"Kendini bulabilmen için önce kaybolman gerek"
Yazar: Ekin LimoncuJohn Green'in kitaplarını beyazperdede görmeye kendimizi alıştırsak iyi ederiz. Hatırlarsanız Green'in başarılı gençlik romanı Aynı Yıldızın Altında geçtiğimiz yıl aynı isimle beyazperdeye uyarlanmıştı ve tüm dünyada yarattığı etki şaşırtıcı derecede büyük oldu. Gelen bu başarı yapımcıları çok sevindirmiş olacak ki Kağıttan Kentler ile aynı popülerlik hedeflenmiş. Bilen bilir bu zamana kadar Kağıttan Kentler John Green'in en kötü romanı olarak lanse edildi, sonuç ne olacak hepimiz göreceğiz.
Filmin kahramanları Quentin ve Margo çocukluktan beri arkadaş. Quentin, Margo'ya umutsuzca aşık ama Margo kafasına göre yaşayan, hiçbir şeyi umursamayan kısacası ideallerinin peşinden gitmekten korkmayan genç bir kadın. Arkadaşlık ilişkileri büyüdükçe zayıflayan bu ikilinin arasındaki bağ, bir gece Margo'nun Quentin'den yardım istemesiyle tekrar alevleniyor hatta ikili suç ortağı oluyor. Bir şeylerin değişeceğinden çok emin Quentin, ertesi gün Margo'nun kayıplara karışmasıyla onu bulmak için bıraktığı ipuçlarını takip etmeye başlıyor.
Ağlamayacak insanı bile ağlatmayı başaran Aynı Yıldızın Altında'nın dramından Kağıttan Kentler'de bulmayı arzuluyorsanız, üzülerek söylemeliyim ki o dramı bu filmde bulamayacaksınız. John Green’in adı neredeyse sözlükte “gözyaşı” olarak tanımlanacak hale gelmişken ilginçtir ki Kağıttan Kentler aralara serpiştirilmiş zeki esprilerle bezeli eğlenceli bir yol, bir arkadaşlık hikayesi. Uzaktan klasik gençlik filmi gibi duruyor olabilir ancak yakından bakınca çok daha fazlasına sahip.
Nerd diye tabir edebileceğimiz bir gencin, güzel kıza aşık olma hikayesinden öte, bir kendini bulma hikayesi. Dürüst olmak gerekirse Kağıttan Kentler yepyeni bir şey söyleyen ya da klişelerden tamamen kurtulmuş bir film diyemem ama fazlasıyla gerçek bu filmin farklılığını farketmemek imkansız! Klasik Amerikan gençlik filmleri gibi başlayıp devamında aslında öyle olmadığını yüzümüze tokat gibi çarpan Kağıttan Kentler asıl bu yönüyle övgüyü hakediyor.

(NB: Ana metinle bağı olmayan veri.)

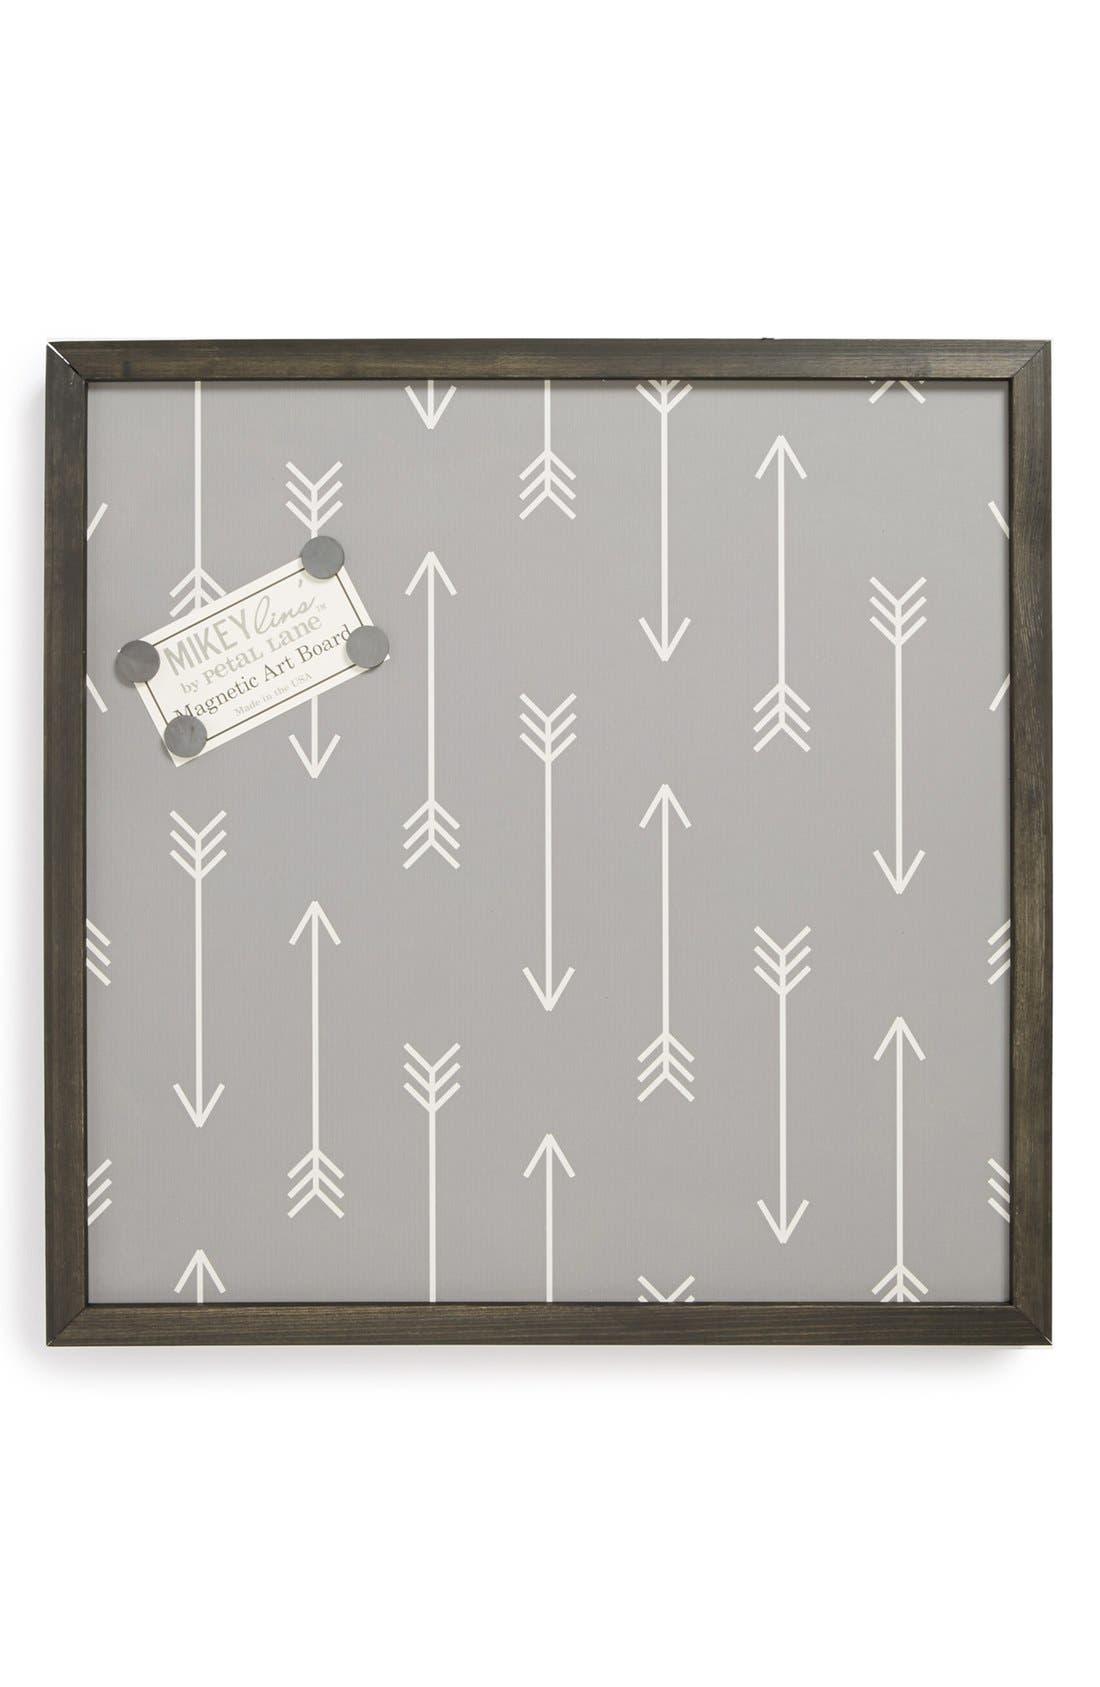 Alternate Image 1 Selected - Petal Lane 'Celebrate Life' Framed Magnet Art Board
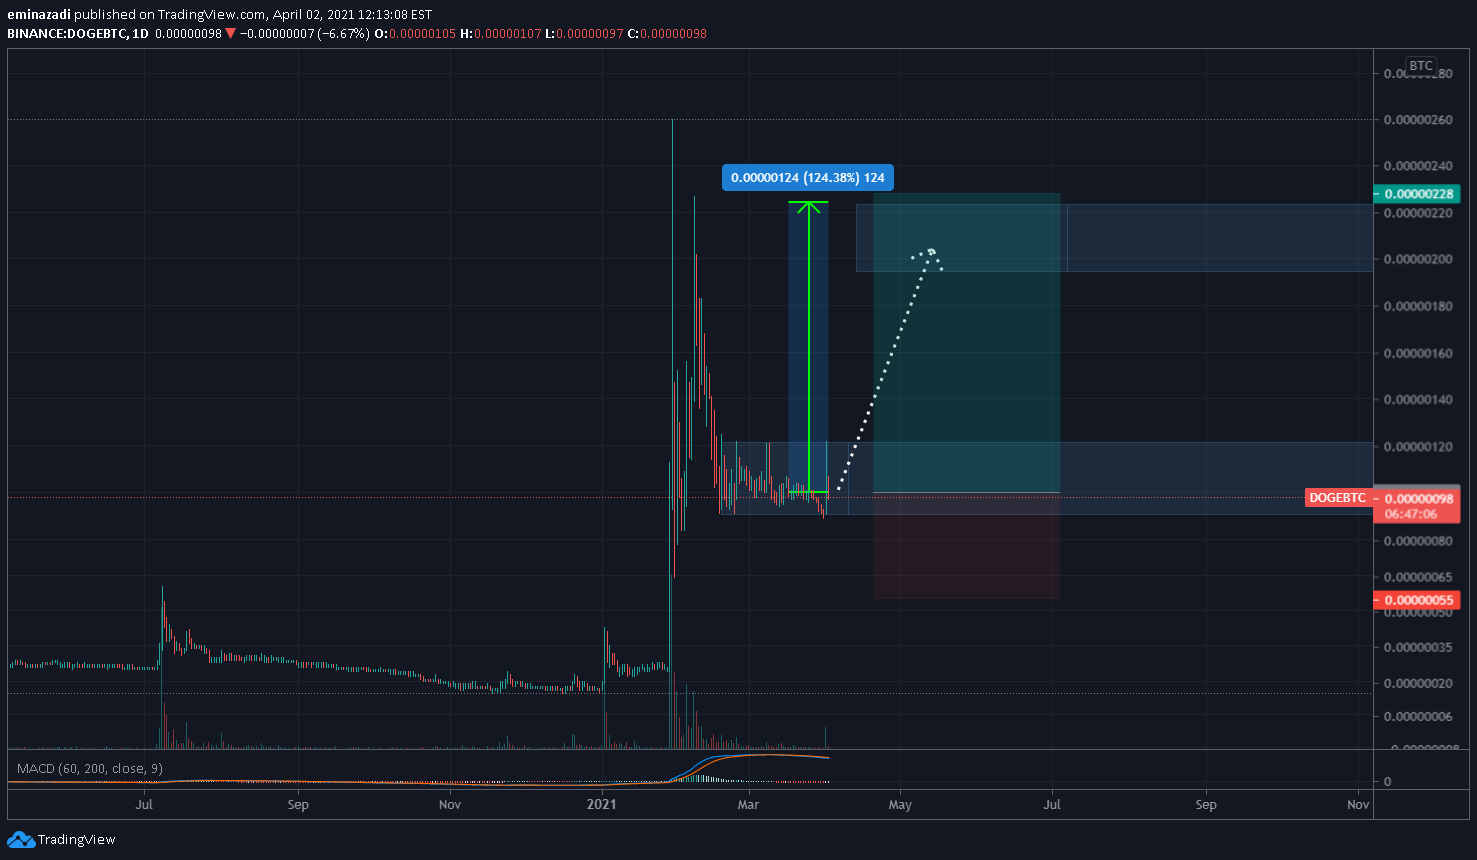 doge btc tradingview que bancos acepttan bitcoin
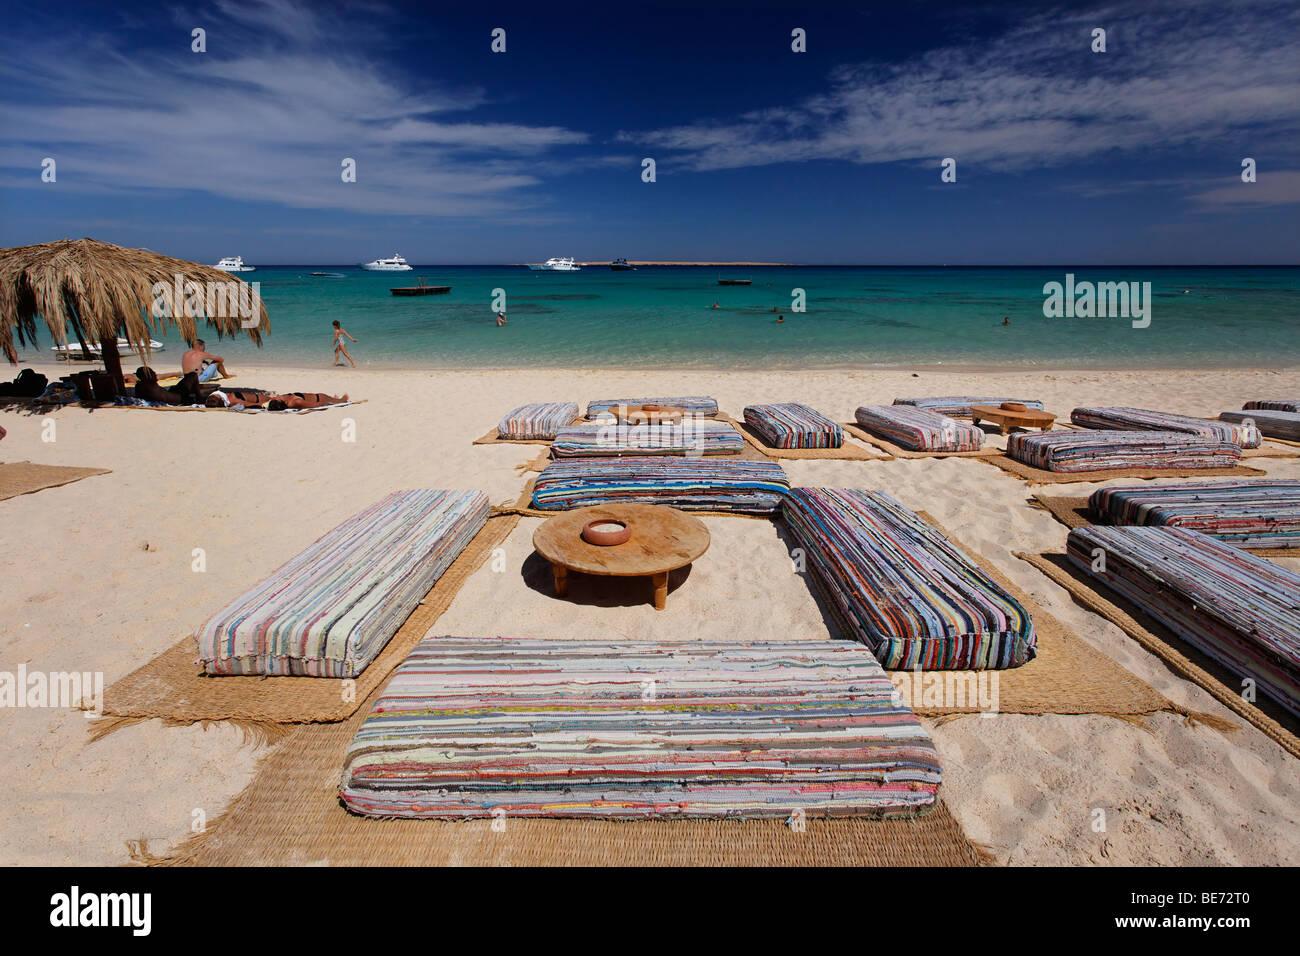 Kissen, Sitze, Sonnenschirm, Strand, Lagune, Horizont Mahmya, Giftun Insel, Hurghada, Ägypten, Afrika, Rotes Stockbild
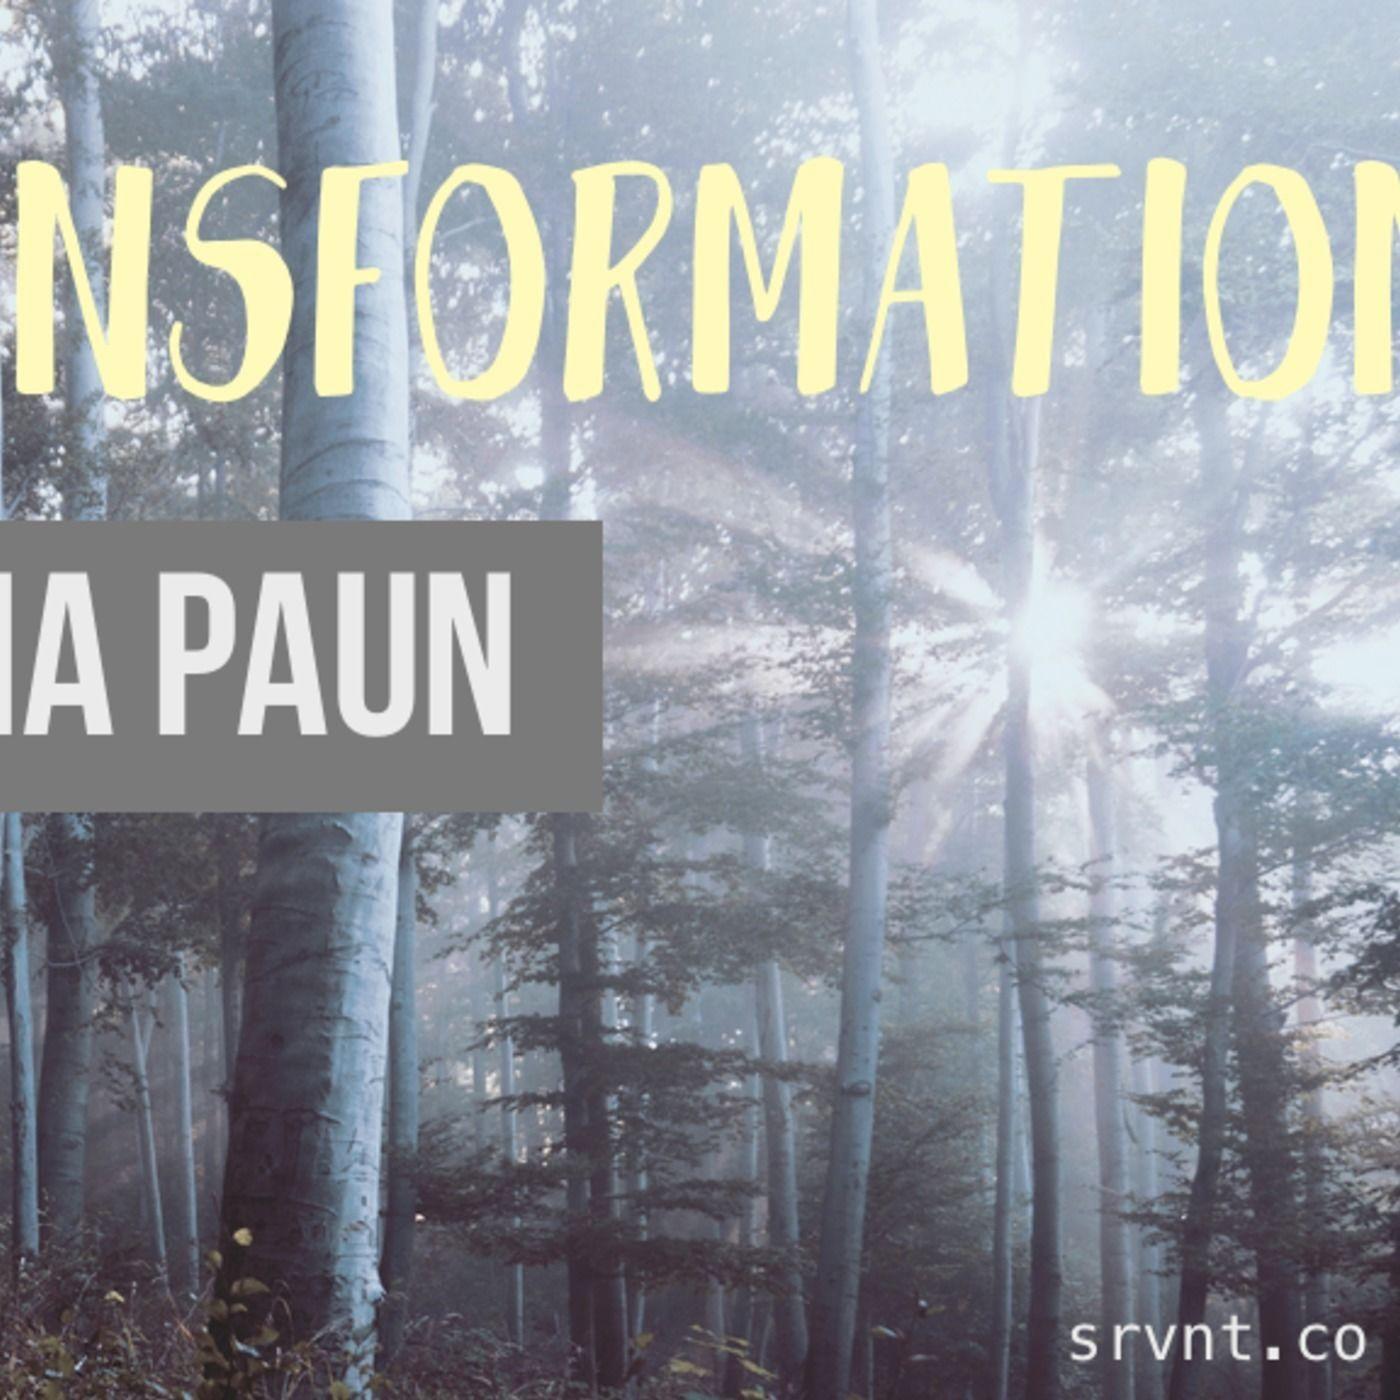 Transformation Episode 3: Corina Paun Searching in Romania to Serving God in Papua New Guinea
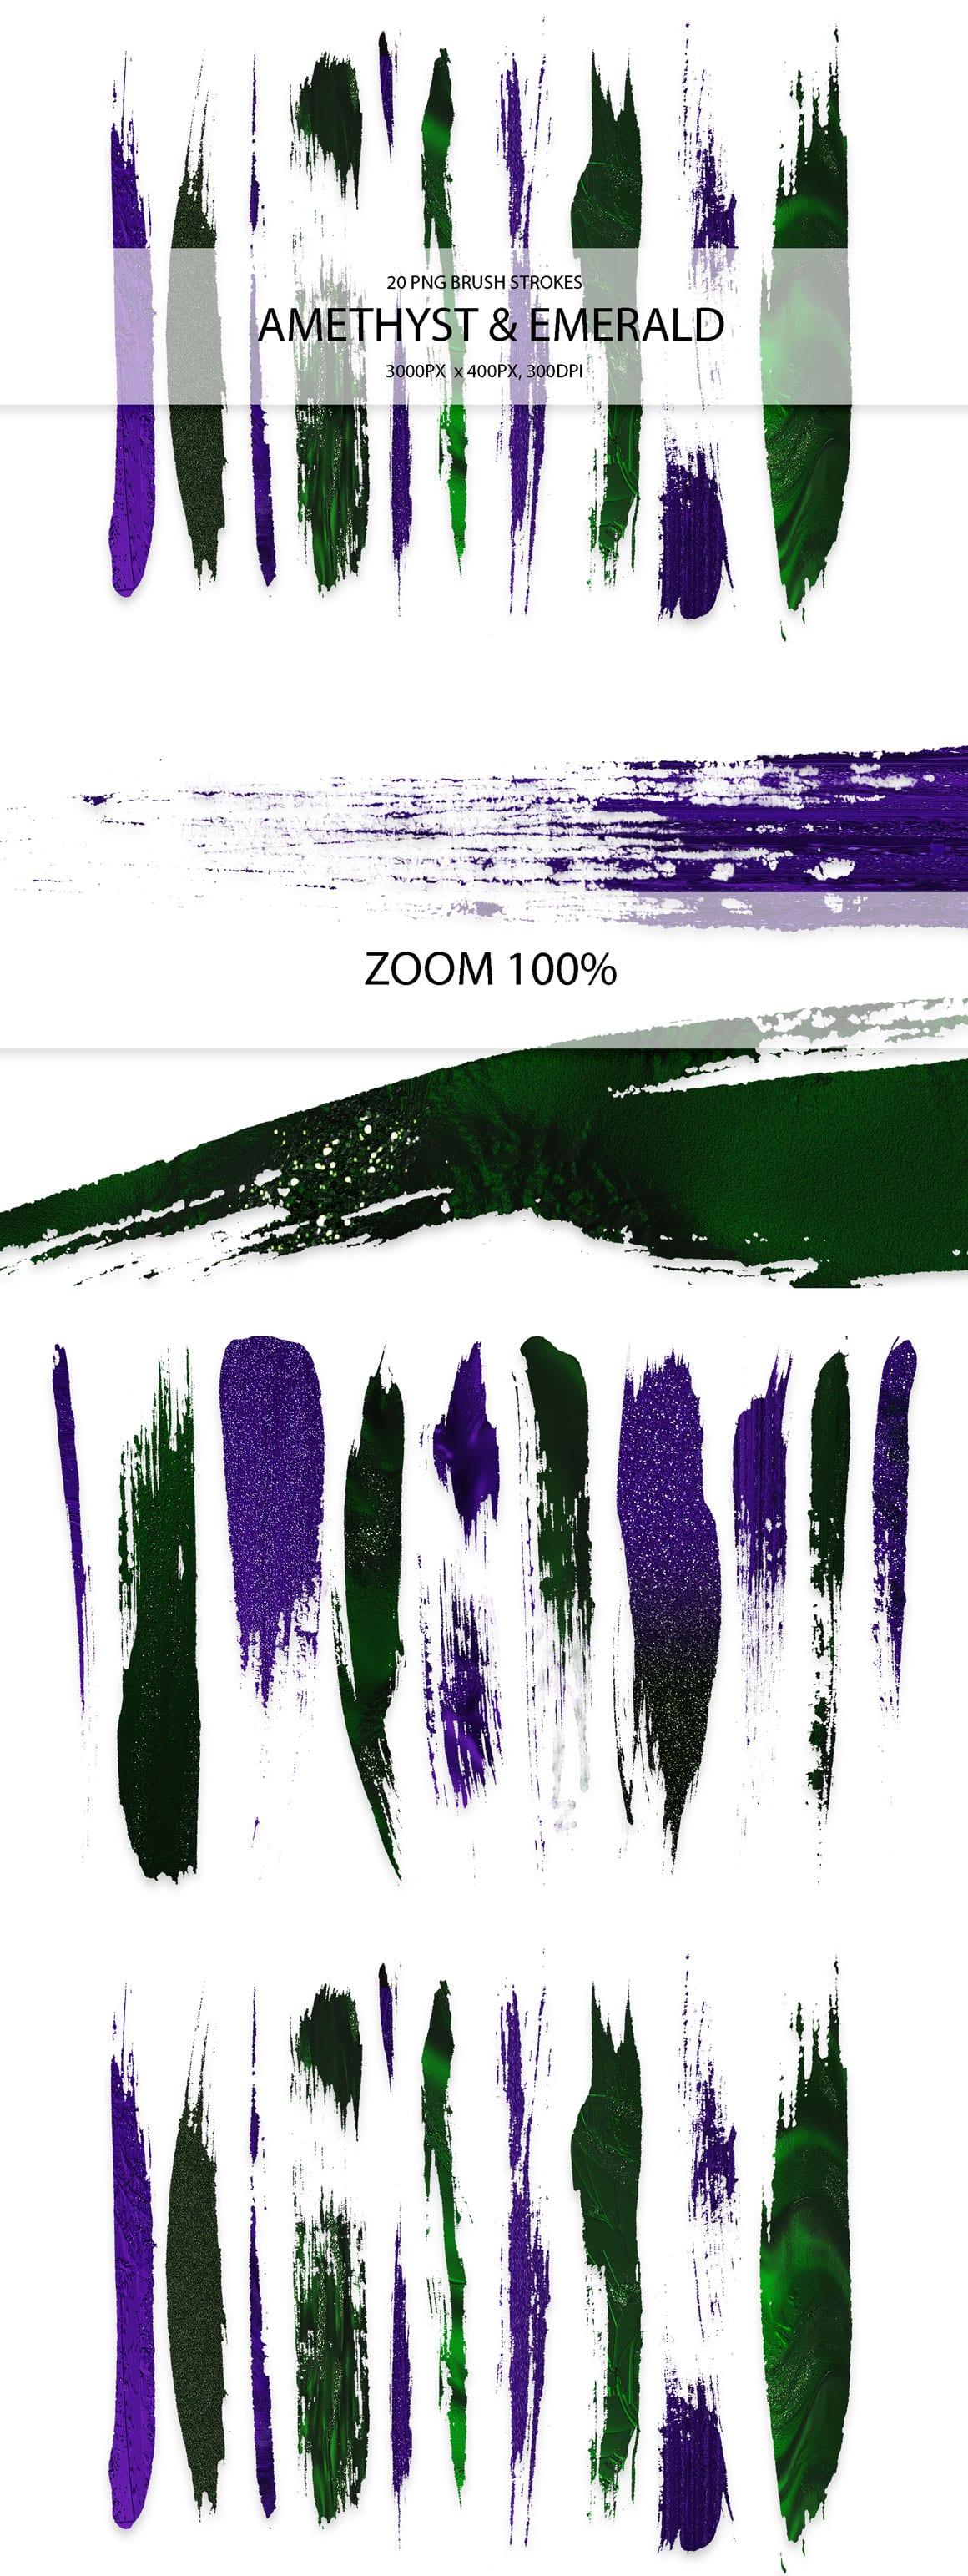 829 Acrylic Brush Strokes and Digital Brush Strokes - $9 - AmethystEmeraldStrokes 01 min

Senaryo, Aşkın 500 Günü, Şu An Muhteşem gibi yavan olmayan aşk hikayelerinin anlatıldığı filmlerin senaristleri Scott Neustadter ve Michael H. Weber'a teslim edilmiş. Filmdeki birkaç olay hızlıca geçiştirilmiş gibi gözükse de diyalogların deneyimli ellerden çıktığı çok aşikar. Senaristler kitaptaki hikayeye sadık kalarak ayakları yere sağlam basan bir uyarlama yazmış.
Oyuncu seçimleri ise filmle ilgili en başarılı şeylerden biri. Oyuncuların filme kattığı sıcaklık izleyiciyi çok güzel sarıyor ve filmin içine çekiyor. Quentin rolünde izlediğimiz Nat Wolff önümüzdeki yıllarda adından daha çok söz ettirecek gibi çünkü henüz 21 yaşında olan Wolff başarılı bir oyunculuk performansına imza atıyor. Aynı Yıldızın Altında filminde yan rolde izlediğimiz Wolff'un, İngiliz model Cara Delevingne ile olan uyumu ise filmi izlettiren bir başka unsur. Oyunculukta çok yeni sayılan Delevingne de idealize edilmiş "özgür" kadın rolünün hakkını fazlasıyla veriyor diyebilirim.
Margo’nun hikayesi gibi duran film aslında Quentin’in hikayesi. Gözümüzde büyüttüğümüz, hatta “mucize” olduklarına inandığımız kişiler aslında sıradan birer insan ve asıl mucize kendimiziz mesajı veren Kağıttan Kentler gençlere kendi hayatlarının kontrolünün kendi ellerinde olduğunu bir kez daha hatırlatıyor.
Çok büyük beklentilerle gidilmezse Kağıttan Kentler bu yaz sıcaklarında eğlenceli vakit geçirmek için en doğru seçim.